Carolyn stands in the bathroom and calls the hospital at just gone midnight to check up on Barry. The nurse informs her that nothing has changed, and that Barry is still sleeping. She leaves her mobile number with the nurse and asks that she rings her if there is any news.
It’s now 4:00 am, and after showering, ordering a takeaway (not that Carolyn has eaten much of it) and filling Jeanette in with the details she missed during the car ride, Carolyn is wide awake and listening to her mother snore and grunt in the bed opposite. The cheap, itchy blanket is pulled right up to Jeanette’s face and she is mumbling things like Leave her alone and It’s our fault. Carolyn assumes it’s stress caused by what she’s just told her. It must be playing on her mind.
Carolyn brings her mind back to Barry. The thought of him being paralysed and unable to work or walk properly again, due to her foolish decision of not consulting the police, rests heavily on her mind. The thought causes her to feel like fleeing to the bathroom to throw up. The thought of having to contact Barry’s daughter, Amy, and tell her that her father is dead or paralysed, brings her to weep into her mouldy-smelling pillow. She agrees that, if Barry comes through this, she’ll support him and make it up to him. Whatever he needs, she’ll provide, even if that means selling her shop in Leeds to pay for it.
After hours of trying, Carolyn finally begins to drift off to sleep. She’s hugging the spare pillow tightly betwe
en her arms, dreaming that she’s sitting on the fallen tree at the bottom of the winding path. Next to her is the coat that belongs to Dylan Lloyd. The fog is thick around her, thicker than earlier on, making it almost impossible to see more than a few metres ahead. When she hears the rattling in the bushes, it isn’t the hungry raven that emerges this time, it’s Patrick Sawhill. He’s clutching a huge butcher’s knife with fresh blood along the blade and a demonic grin on his face. Barry’s screams as he’s attacked and left for dead are piercingly loud, and his cries echo around her, bouncing off the trees before fading out into the wilderness.
Carolyn and Patrick Sawhill’s eyes meet. He moves forward, and Carolyn doesn’t give him the chance to get any closer. She runs.
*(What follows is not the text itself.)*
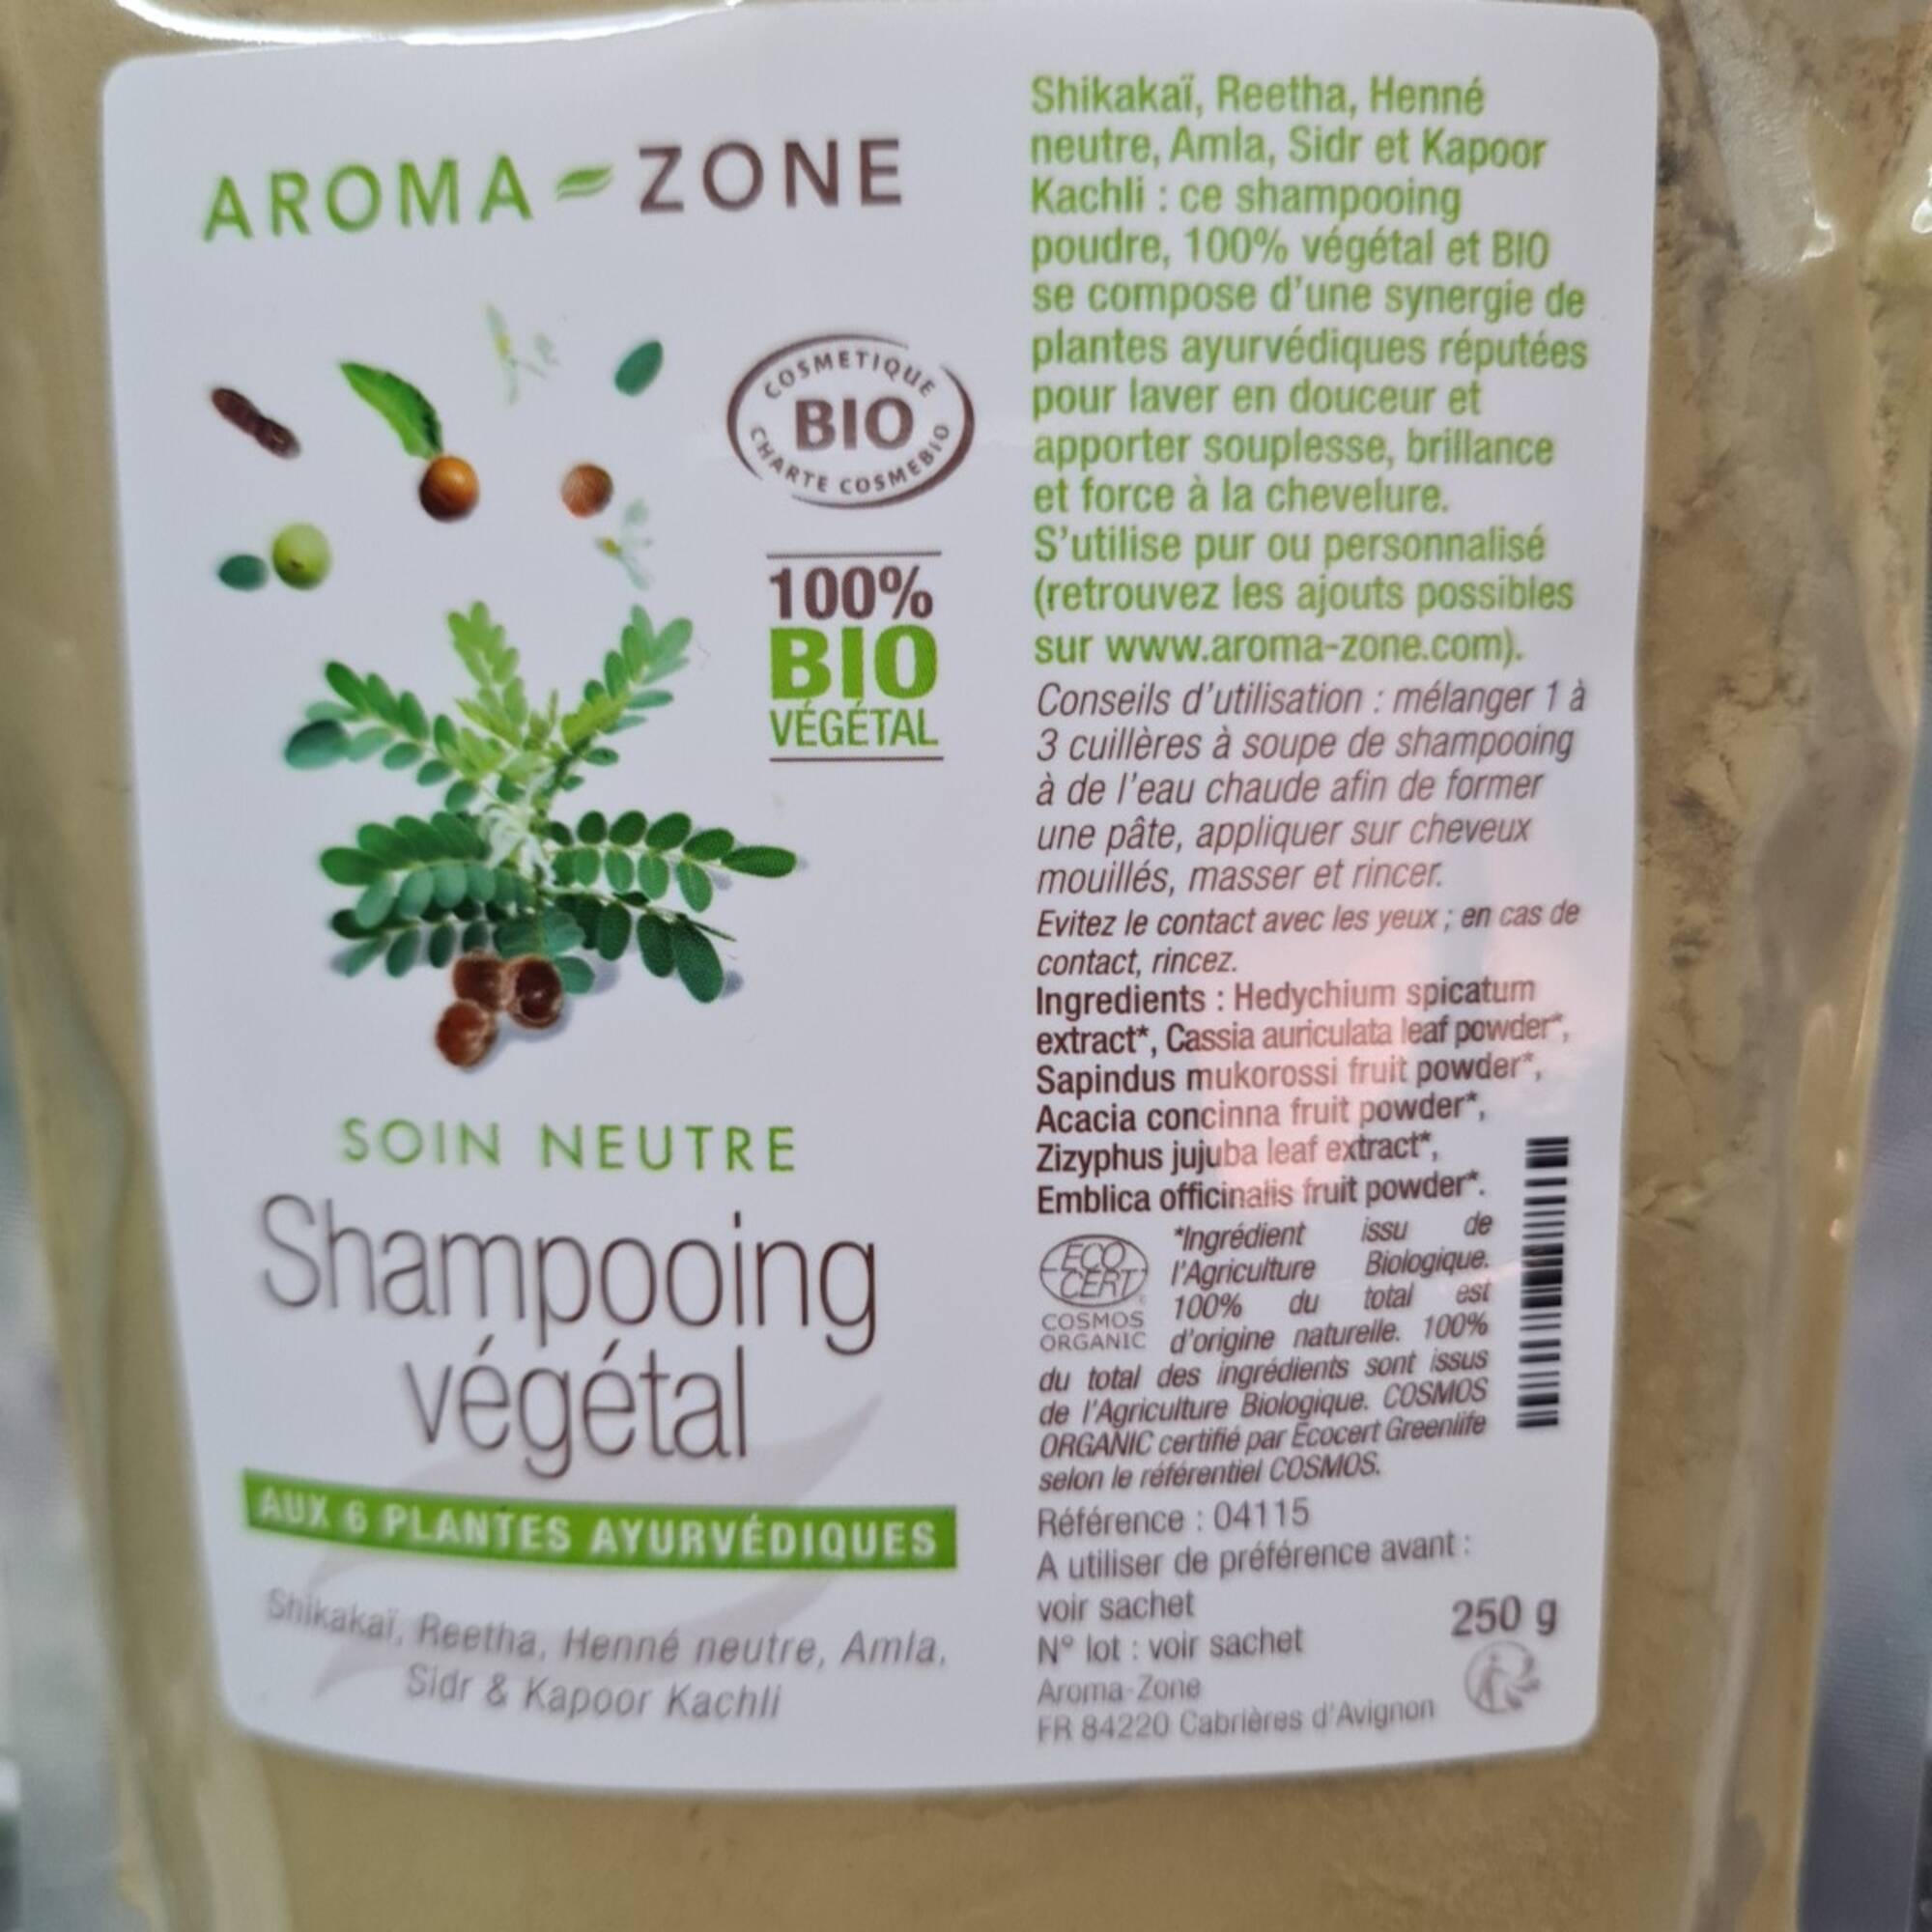 AROMA-ZONE - Soin neutre - Shampooing végétal bio

Patrick Sawhill begins chasing after her. Only in this dream, Carolyn’s legs refuse to work properly; they feel tired and limp. Patrick Sawhill, overweight as he is in reality, isn’t having any trouble breathing or running. Here, in Carolyn’s dream, he comes at her with the speed of an athlete, slashing his blood-smeared blade side to side, barely missing Carolyn’s back as he chuckles loudly.
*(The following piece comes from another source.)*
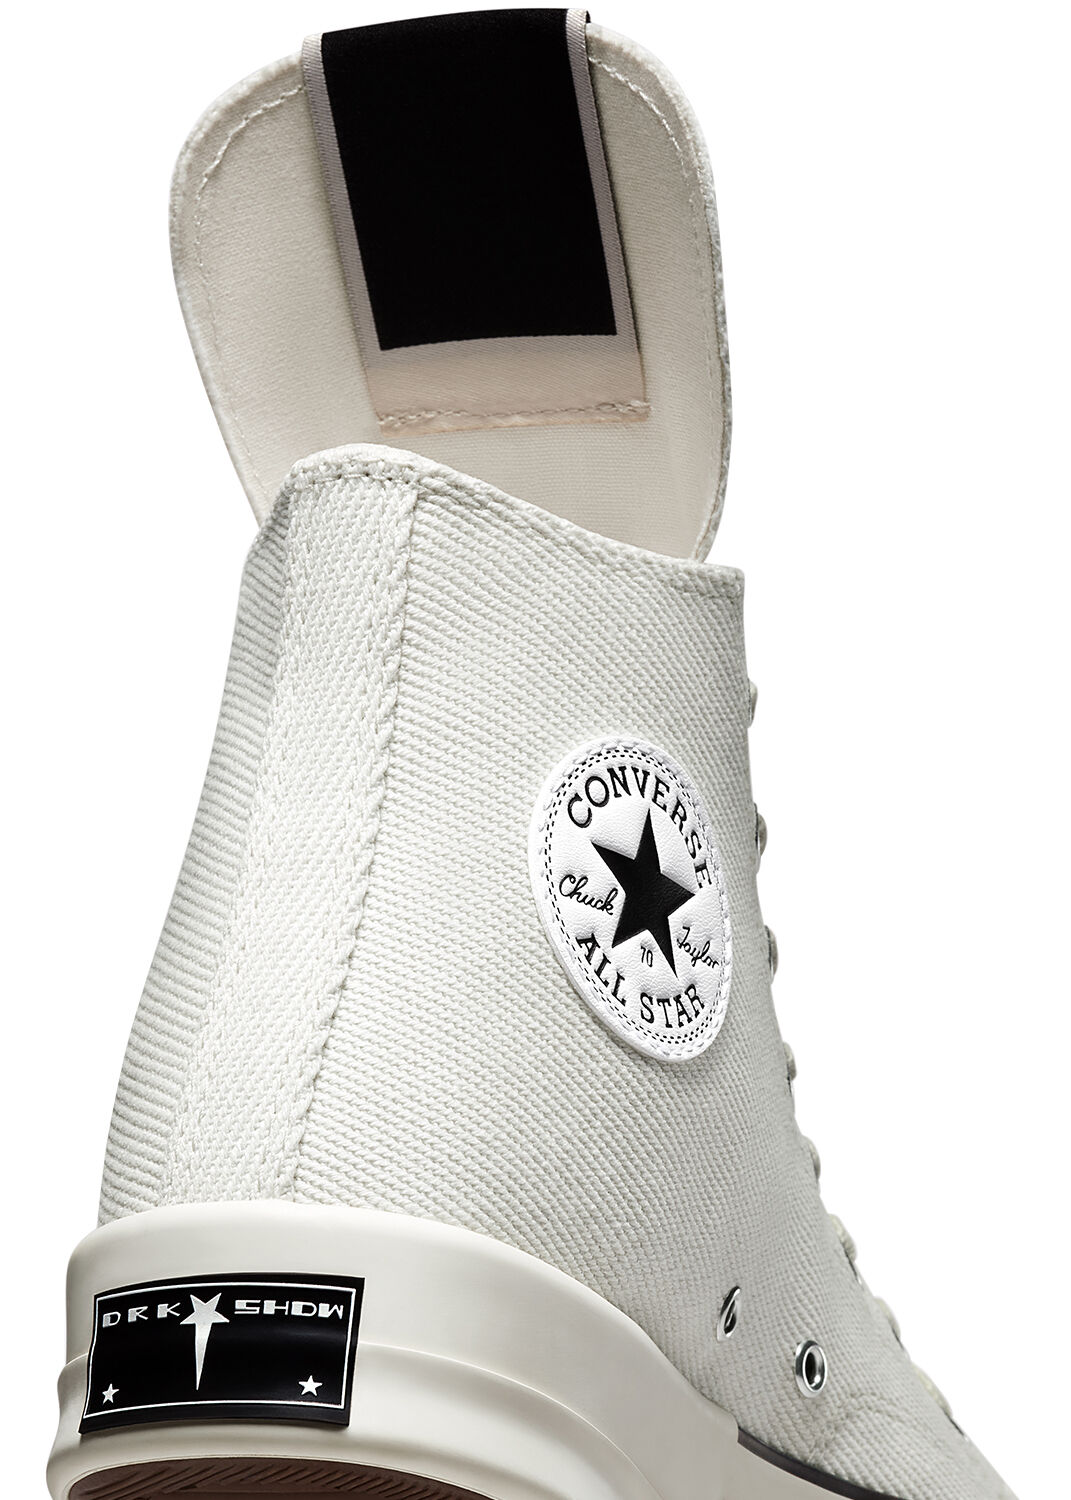 Rick Owens Gummi Converse X DRKSHDW Sneakers DRKSTAR HI in Weiß für Herren Herren Schuhe Sneaker Hoch Geschnittene Sneaker

Carolyn runs through the woods; she tries screaming for help but her throat is blocked. It feels as if she’s swallowed an apple whole. She can only just breathe.
She runs, jumping over tree branches and landing in puddles full of sloppy mud. Her foot becomes stuck in the mud. Patrick Sawhill is catching up; she can hear him coming through the trees. She pulls and pulls until the earth finally releases her foot, though it keeps her boot. She hasn’t the time to reach for it, so she turns and runs on without it. Thorn bushes nick at her legs and tear at her clothes, and stones pierce the sole of her foot while leafless branches whip at her face. Running alongside her, in partnership with the fat man, is Julio Alcala. He too has a wide, inhuman grin reaching to the deep scar on his cheek.
Finally the trees begin to thin out. She holds her hands out in front of her and pushes through the branches until she comes to the opening.